Including SectionManager::fetch($section_id) in the loop:

  • 436,469,760 bytes used
  • 169.45167779922 s

Removing SectionManager::fetch($section_id) from the loop:

  • 436,469,760 bytes used
  • 166.0119240284 s

Hmmm, no significant difference. :-(

@michael-e
Copy link
Member Author

Removing a single function, Symphony::ExtensionManager()->notifyMembers:

  • 368,050,176 bytes used
  • 153.42075800896 s

Removing a single function, $entry->setDataFromPost:

  • 238,551,040 bytes used
  • 80.510625839233 s

Removing both, Symphony::ExtensionManager()->notifyMembers and $entry->setDataFromPost:

  • 170,655,744 bytes used
  • 66.98449587822 s

Removing three functions, Symphony::ExtensionManager()->notifyMembers, $entry->setDataFromPost and $entry->commit():

  • 47,710,208 bytes used
  • 16.244827032089 s

Also removing $entry->checkPostData makes no difference in memory consumption:

  • 47,710,208 bytes used
  • 11.713372945786 s

@michael-e
Copy link
Member Author

As you see, there are three functions that "leak" memory.

@brendo
Copy link
Member

brendo commented Apr 6, 2015

Difficult. I would have to think about it. There are legal issues as well (with the data).

Let me know what you come up with. Because of the scope of where the leak could be originating from, the best way for me to help it to be able to replicate the issue on my machine and then start debugging as well. If the problem is not data specific, we should be able to recreate this using 'fake data', but I'm keen to try and replicate your exact setup as closely as possible.

Otherwise, I can spin up a dummy script that creates fake data for a section that contains all of the core fields and share that ensemble with you, essentially a test case. We can use this as base to attempt to first replicate and then resolve the problem. If we can't replicate with this test case, then we'll have to start adding fields to bridge the gap between the simple test and the actual test until we find the breaking point.

I assume the environment is running PHP 5.6.7?

@michael-e
Copy link
Member Author

The whole thingie is running on a virtual server, I don't even have a local installation. On the server I am running PHP 5.4.39.

Debugging would probably be easier on localhost, right?

I will come back to this a bit later, since I have a deadline for initial data import. Since all these Excel files have 5000 rows, I could do it with the current script. (It might become a serious issue later, when people try bigger files.)

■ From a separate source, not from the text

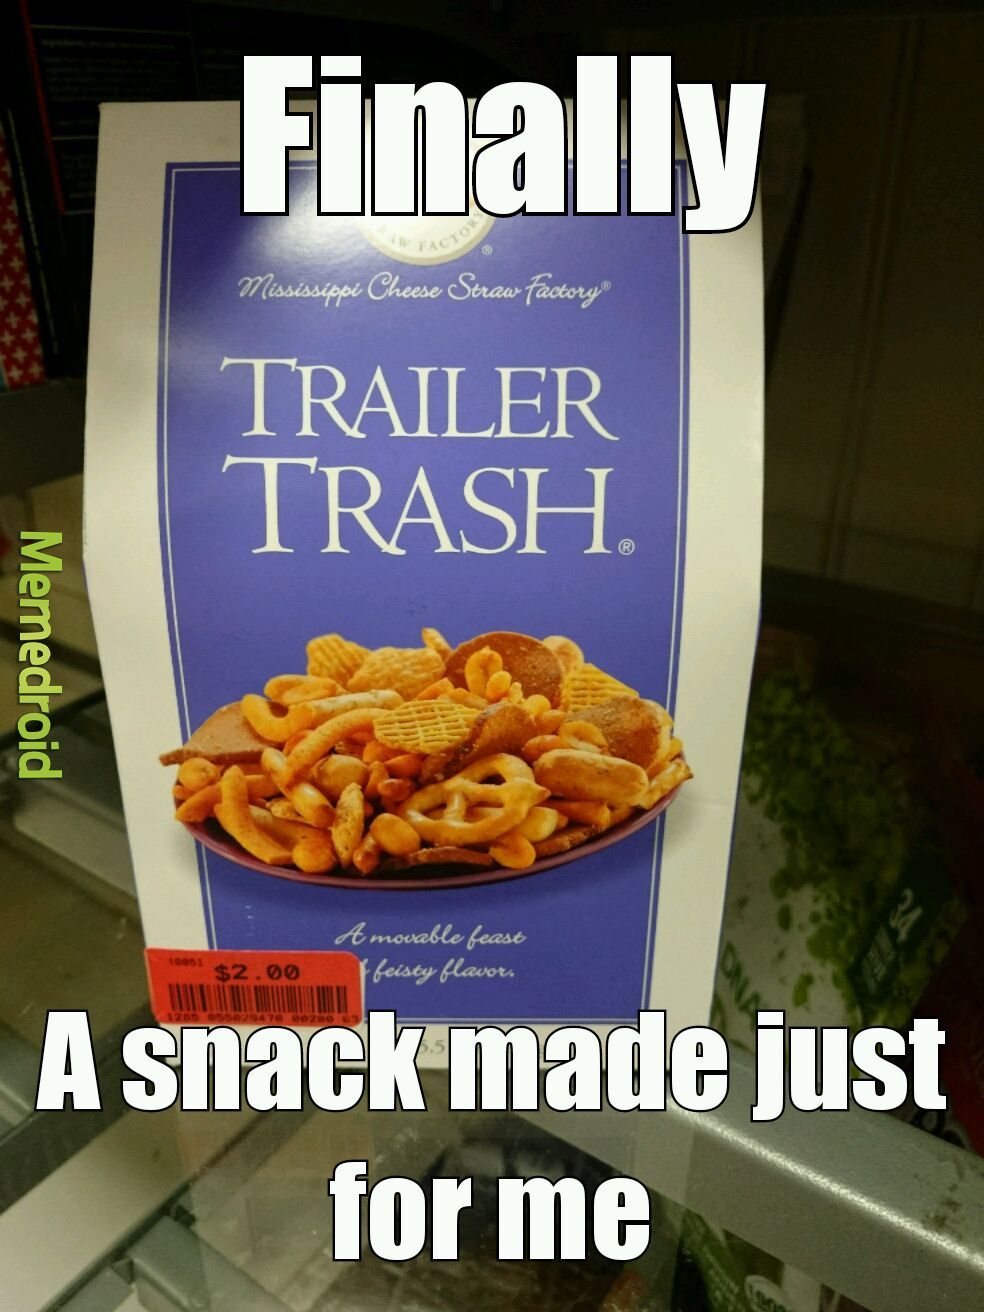 Also a snack for all walmart shoppers - meme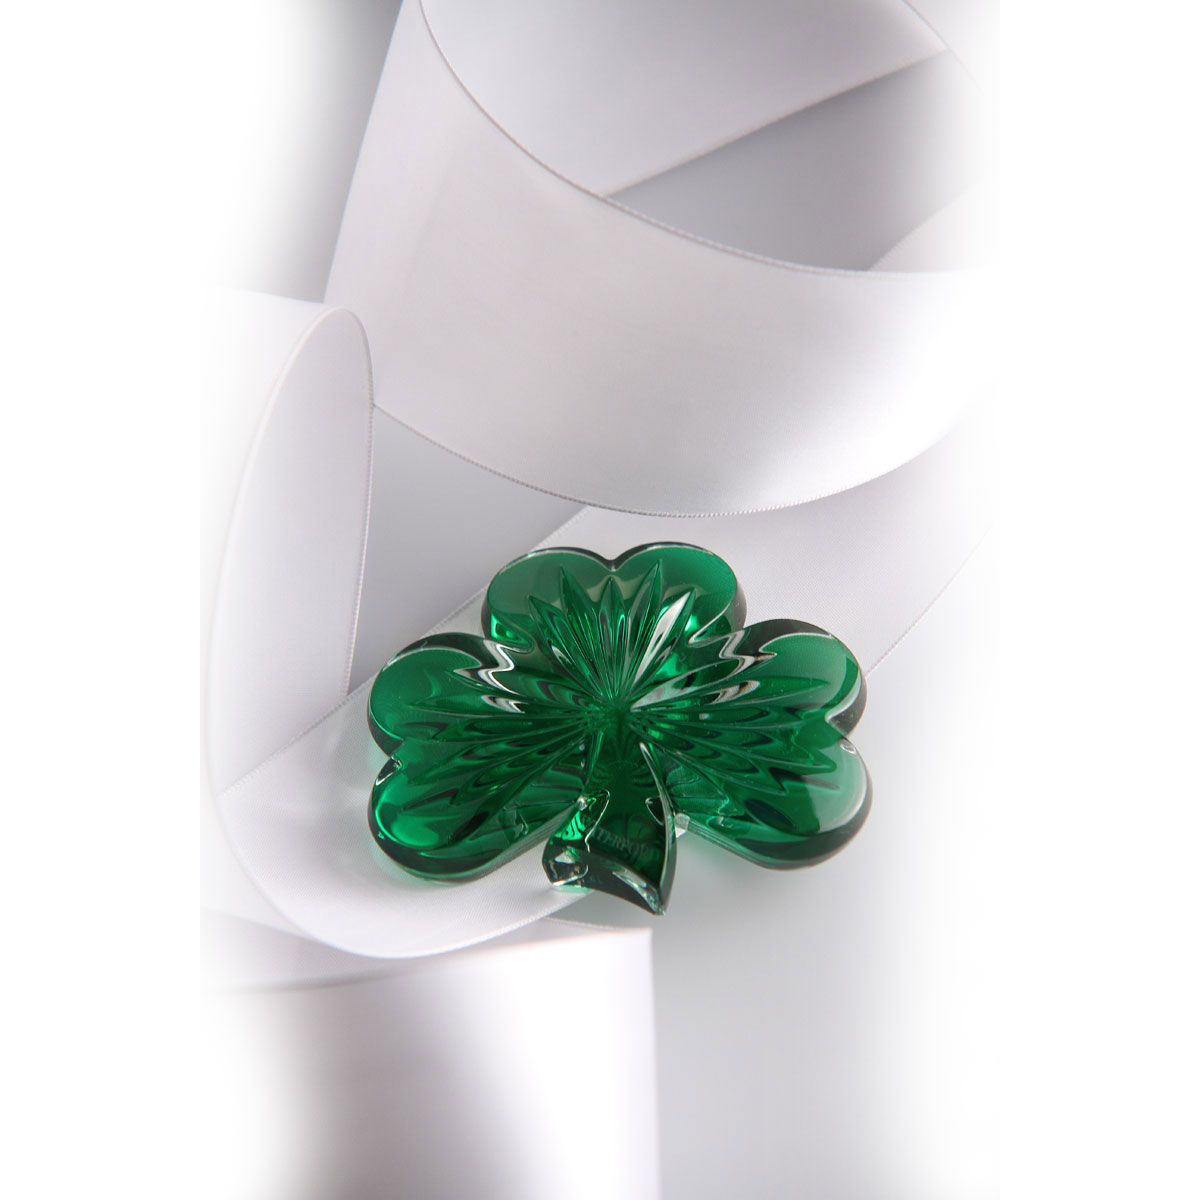 Waterford Crystal, Green Shamrock Crystal Paperweight

One more interesting test:

Using setDataFromPost in dry-run mode ($entry->setDataFromPost($fields, $errors, true)) I also see a reduced memory footprint:

  • 365,953,024 bytes used
  • 148.83119392395 s

Without dry-run mode:

  • 438,829,056 bytes used
  • 174.13854598999 s

(BTW, dry-run seems to be the only way to successfully set a creation_date for the entry. I haven't managed to set the modification_date at all.)

@michael-e
Copy link
Member Author

My gut feeling says it's the database (MySQL) class. Symphony has a static Database object, and doesn't that mean that the "magic" MySQL::__destruct function is useless inside my script?

@michael-e
Copy link
Member Author

(Excuse me if I am completely wrong with the assumption above. As you know, my PHP skills are pretty limited.)

@nitriques
Copy link
Member

Michael, I think your assumption is right. The MySQL instance is destroyed only when the php script exits.

@michael-e
Copy link
Member Author

OK, I think I can live with the memory consumption. For 10.000 entries the memory footprint is less than 800 MB, which is still OK for me. The good thing is that the script is pretty fast (more than 30 entries per second, with 33 fields in the section).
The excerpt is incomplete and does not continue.